Quando terminamos de almoçar, eu e o garoto voltamos para casa. Ele, diferente de mim, não parecia preocupado com nada; Liel não aparentava ter aversão a lugares movimentados e muito menos a conhecer novas pessoas.

Me preocupava um pouco onde isso vai parar. Estávamos no meio do caminho e me sentia constantemente vigiada pelo moleque. Qualquer pergunta que ele fizesse sobre o encontro de hoje ia me deixar maluca.

— Ei. Você parece estar muito nervosa. Algum problema? — Ele parou de olhar o seu celular enquanto caminhava, perguntando.

Foi só pensar no diabo que ele abriu a boca. Inferno!

— Ah, nenhum — menti. — Apenas queria ficar em casa mesmo. A última coisa que queria era ir pro shopping depois da semana cansativa.

Mesmo que não fosse a intenção, respondi de maneira espontânea.
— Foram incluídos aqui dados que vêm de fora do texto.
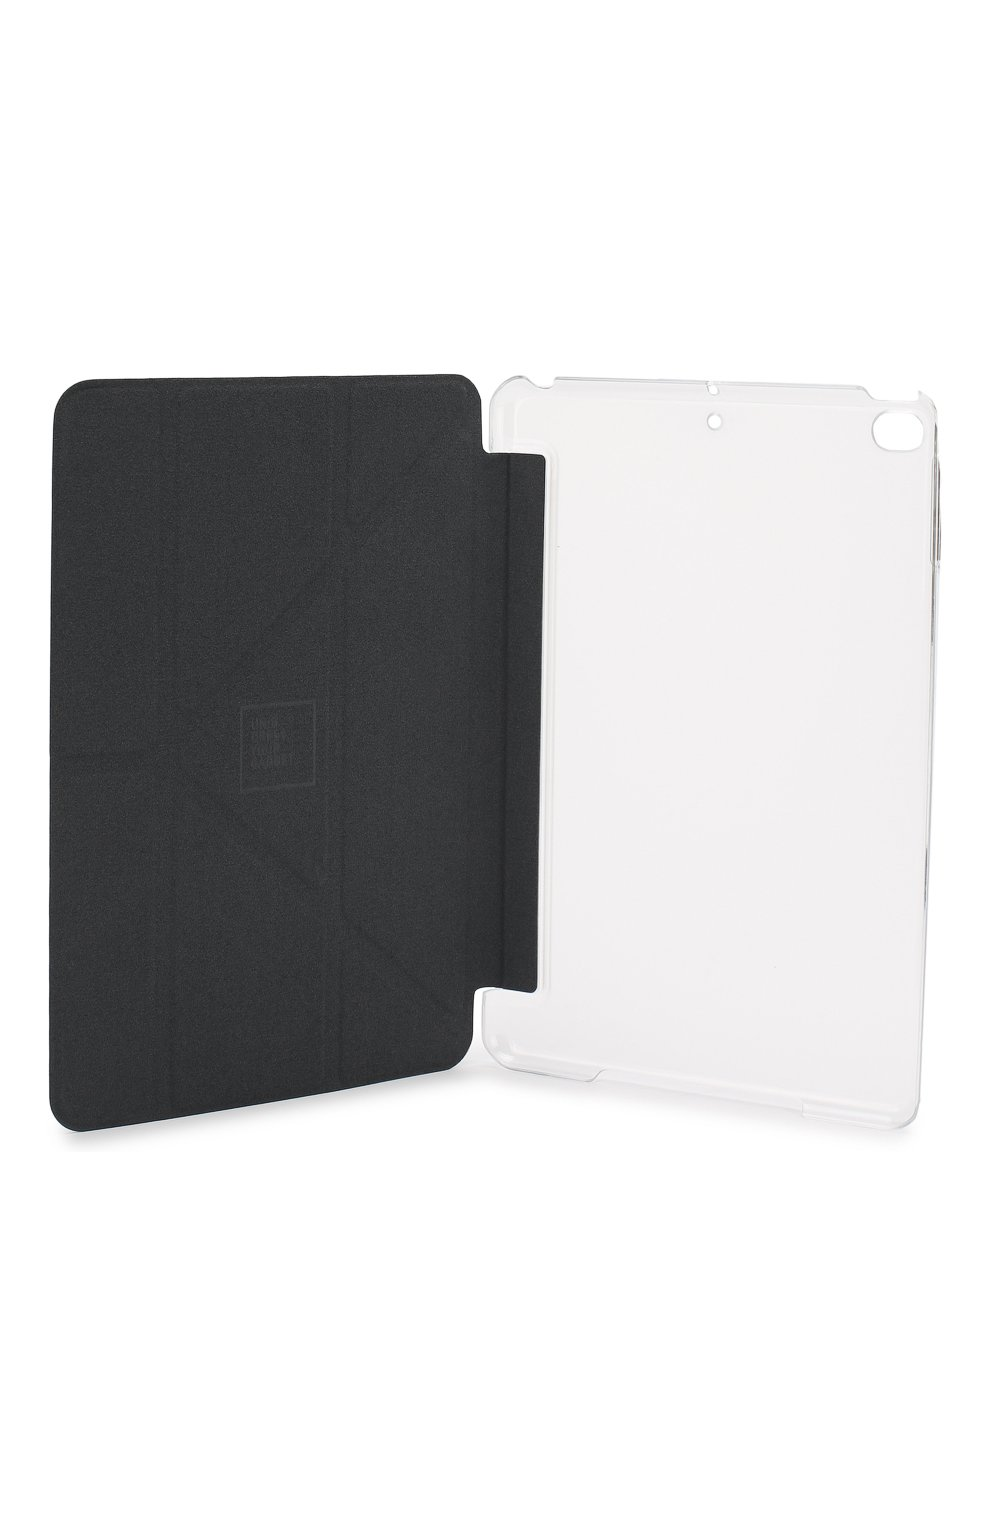 Мужской чехол для ipad mini 5 UNIQ серого цвета, арт. PDM5YKR-KNVGRY   Фото 3

Ele aparentava algum tipo de preocupação.

— É sério? — indagou.

— Sim. Seríssimo.

— Foda-se.

Retiro o que disse. Ele não vai parar de agir desse jeito tão cedo; abaixe suas expectativas, senhorita Marcy. Não é como se ele fosse perceber alguma tentativa minha em socializar e iria deixar de ser um babaca. Isso faz jus ao que ele é.

— Hahaha! A cara que você fez foi hilária. — Gargalhou.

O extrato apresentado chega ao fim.